这种神棍的话星河说起来简直是手到擒来,在阴阳家当少主这么多年,好歹这也是必备技能不是?人说太极玄一,阴阳两气,一半靠真才实学,一半靠糊弄。而且占星这种事情说起来,月神才是各种好手,蛊之一道才是星河擅长的东西。

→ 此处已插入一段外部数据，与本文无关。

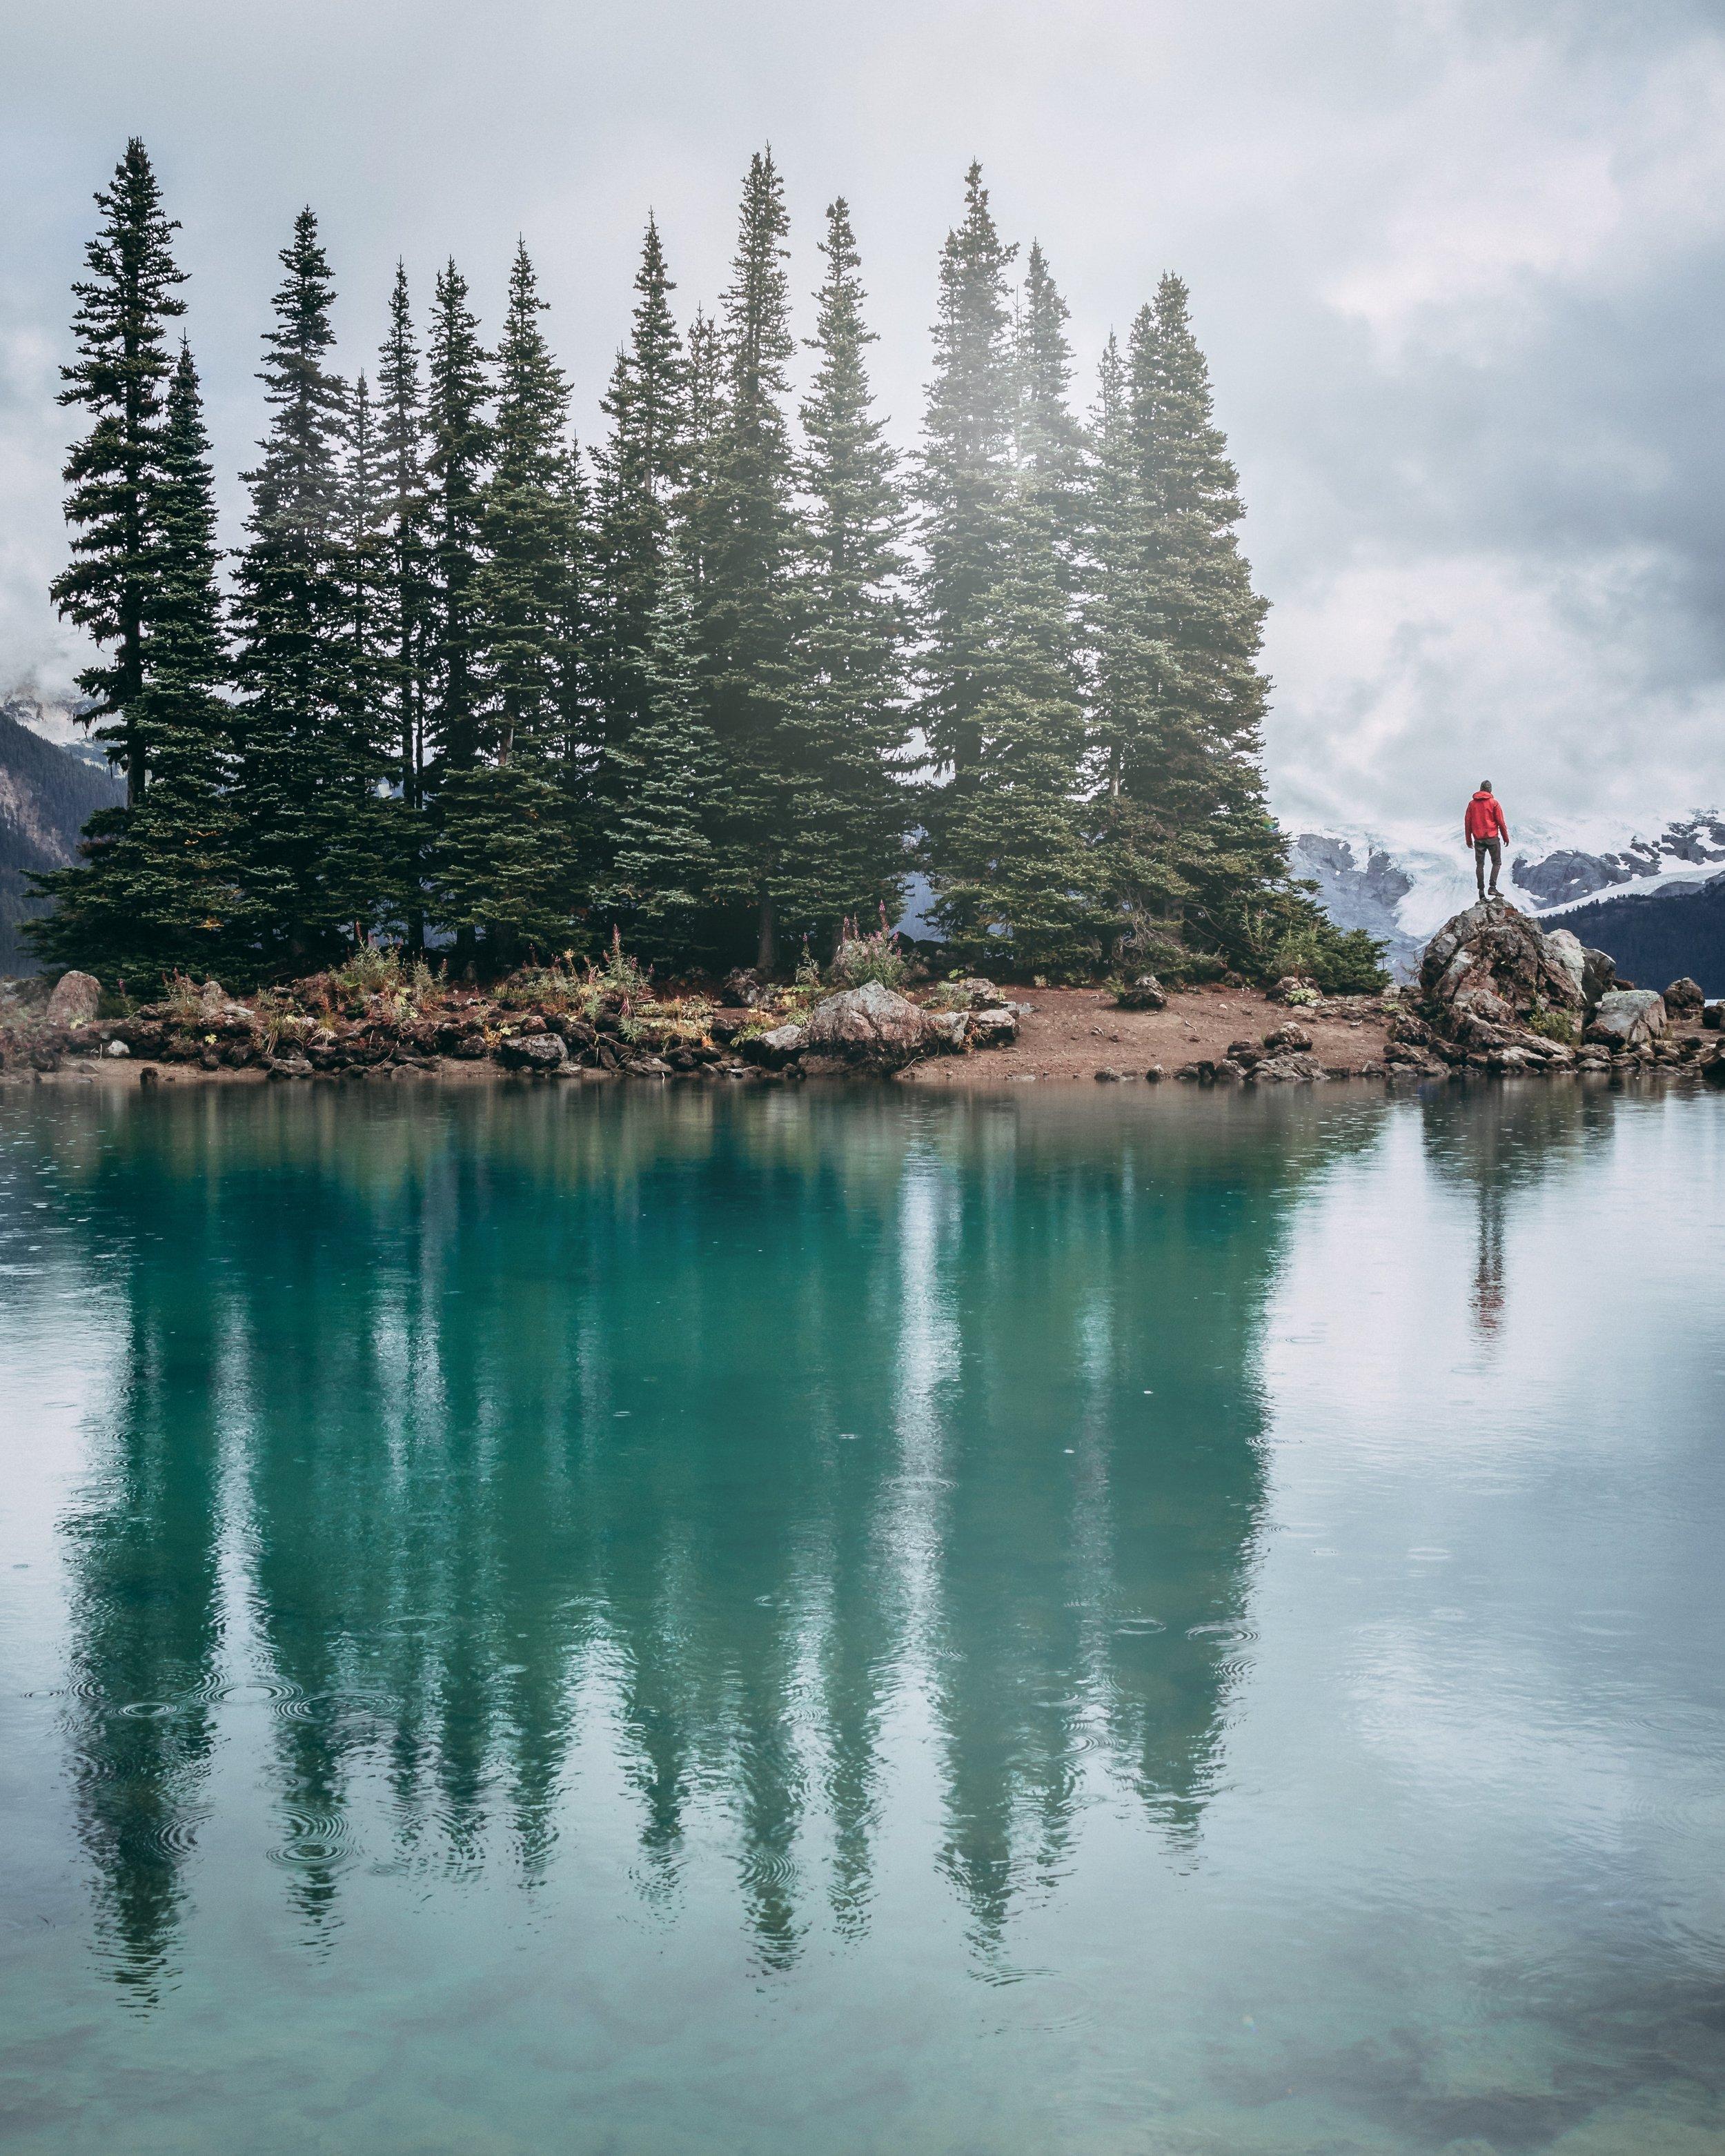 Photo Credit: Kristine Krynitzki, Hikes Near Vancouver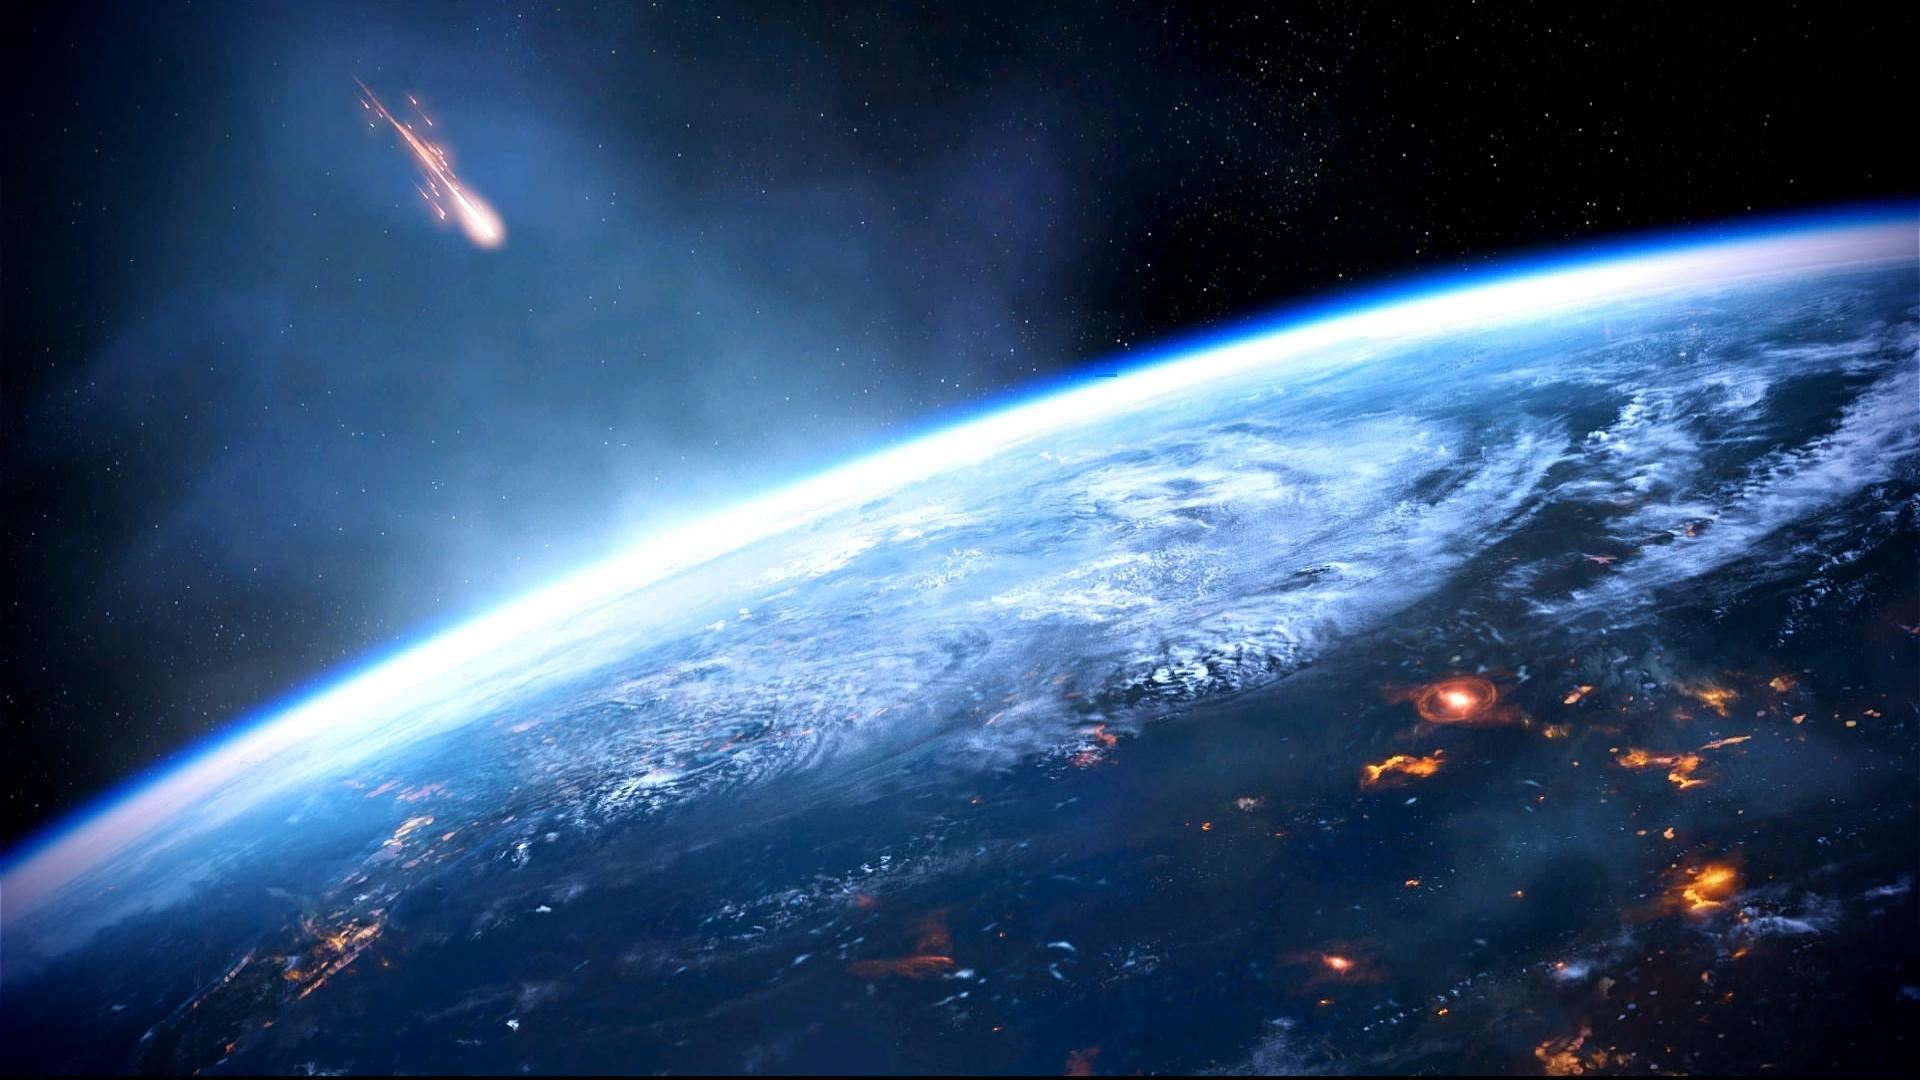 ... Mass Effect 3 Earth Dreamscene by droot1986

不坑他坑谁?云中君坑起嬴政来毫无心理压力,怎么说他也不能输不是?
嬴政没有说话,星河心里敲着鼓,闹不清他这么说到底有没有唬住嬴政,想再说几句,又怕画蛇添足,只好低头沉默着,殊不知,像他这样的少年,湿了衣服,浑身珠宝,美艳如同少女,最讨嬴政欢心。
虽然嬴政长得很帅没错啦,但星河一想到他有个儿子,比自己还要大上几岁,顿时所有的仰慕全都成了泡影,总结起来三个字……老男人。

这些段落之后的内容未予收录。